Not sure what you mean by that.
You keep your projects in WSL file system, access them via \\wsl.localhost\
. Explorer access, editor & IDE access, docker and everything should pretty much work the same way as if you stored your project on C:\
, D:\
etc, but now the files are on Linux ext4 filesystem so performance should be way higher than NTFS and file system notifications work as expected, as stated above.
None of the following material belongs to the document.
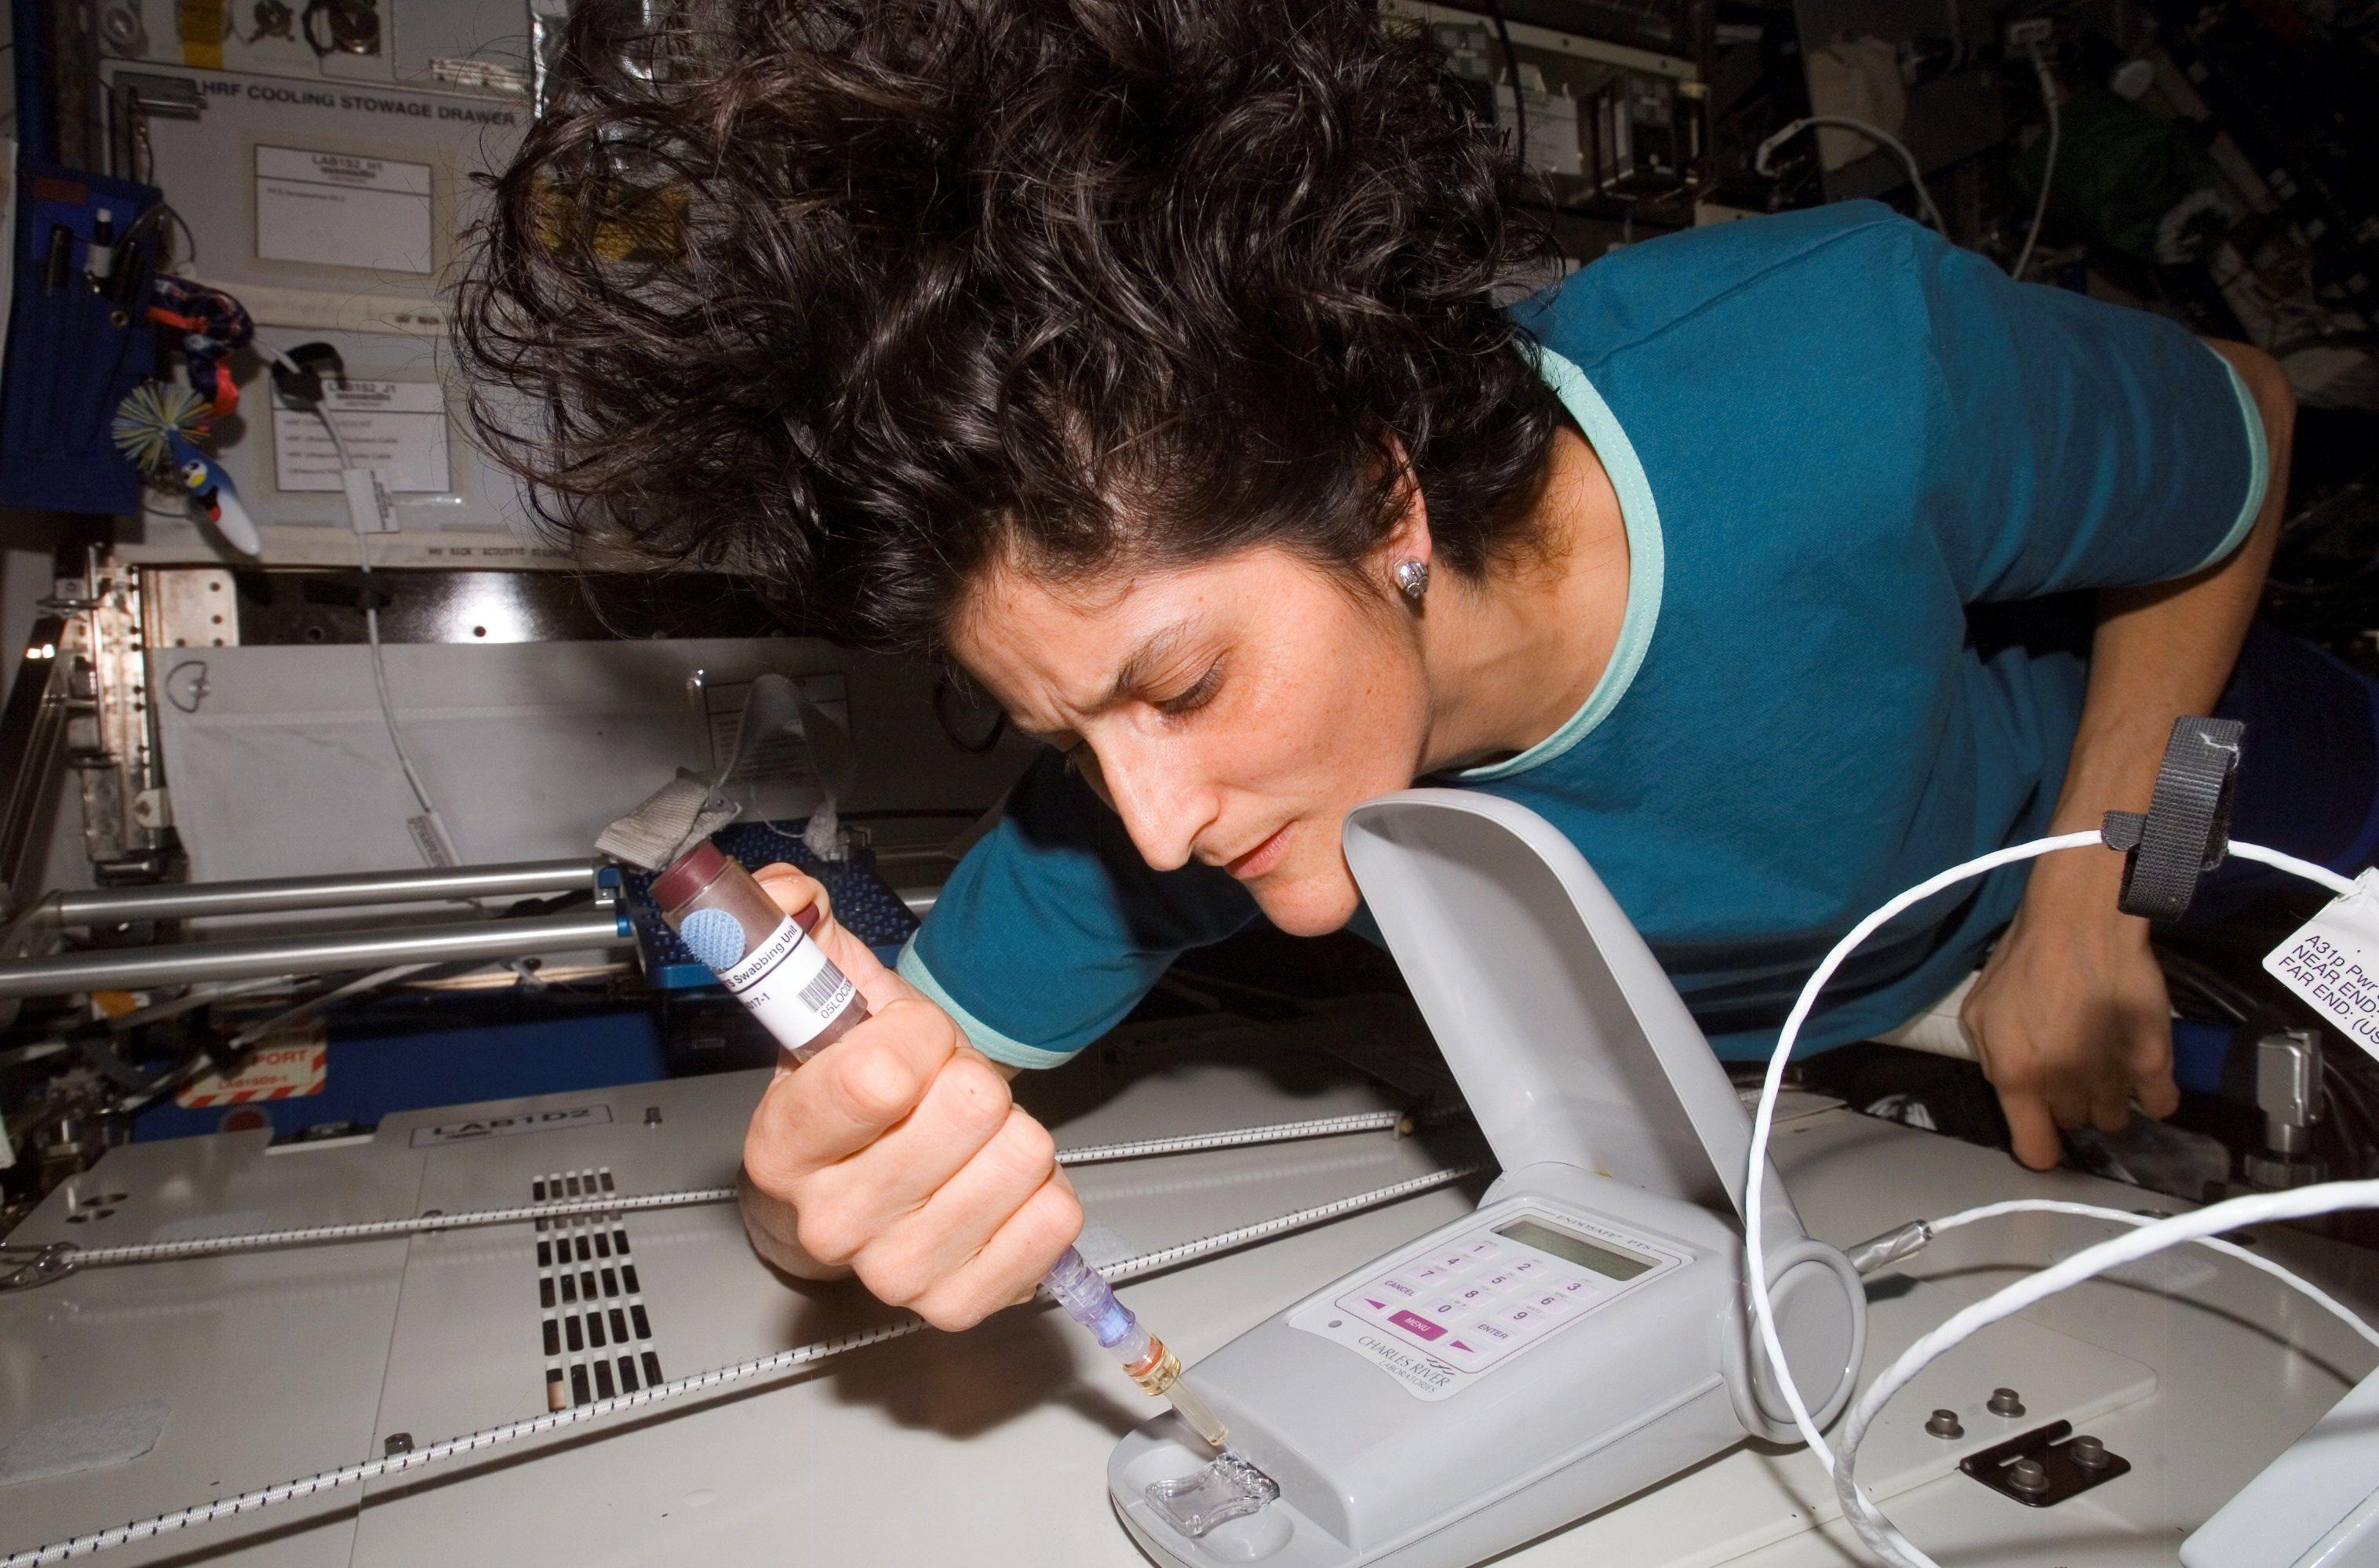 suni williams astronaut - photo #20

And if you want to take things one step further you can (on top of WSL) setup your project to use VSCode "Dev Containers" in order to run the project & VSCode in virtual Linux distro of your choosing. Which not only makes it easier to run Linux primary projects on Windows as you can just run the linux commands natively for the project, improves WSL disk compatibility when the whole setup is doing native linux filesystem calls, and it also separates project dependencies of you main system. As in you can run whichever version of Node.js, Python for each project dev container without any conflicts with versions installed on your host OS. That way if project x recommends Debian, Python 3.10, Cmake 3.8 or whatever - no problem, just configure your devcontainer with those dependencies and you are good to go.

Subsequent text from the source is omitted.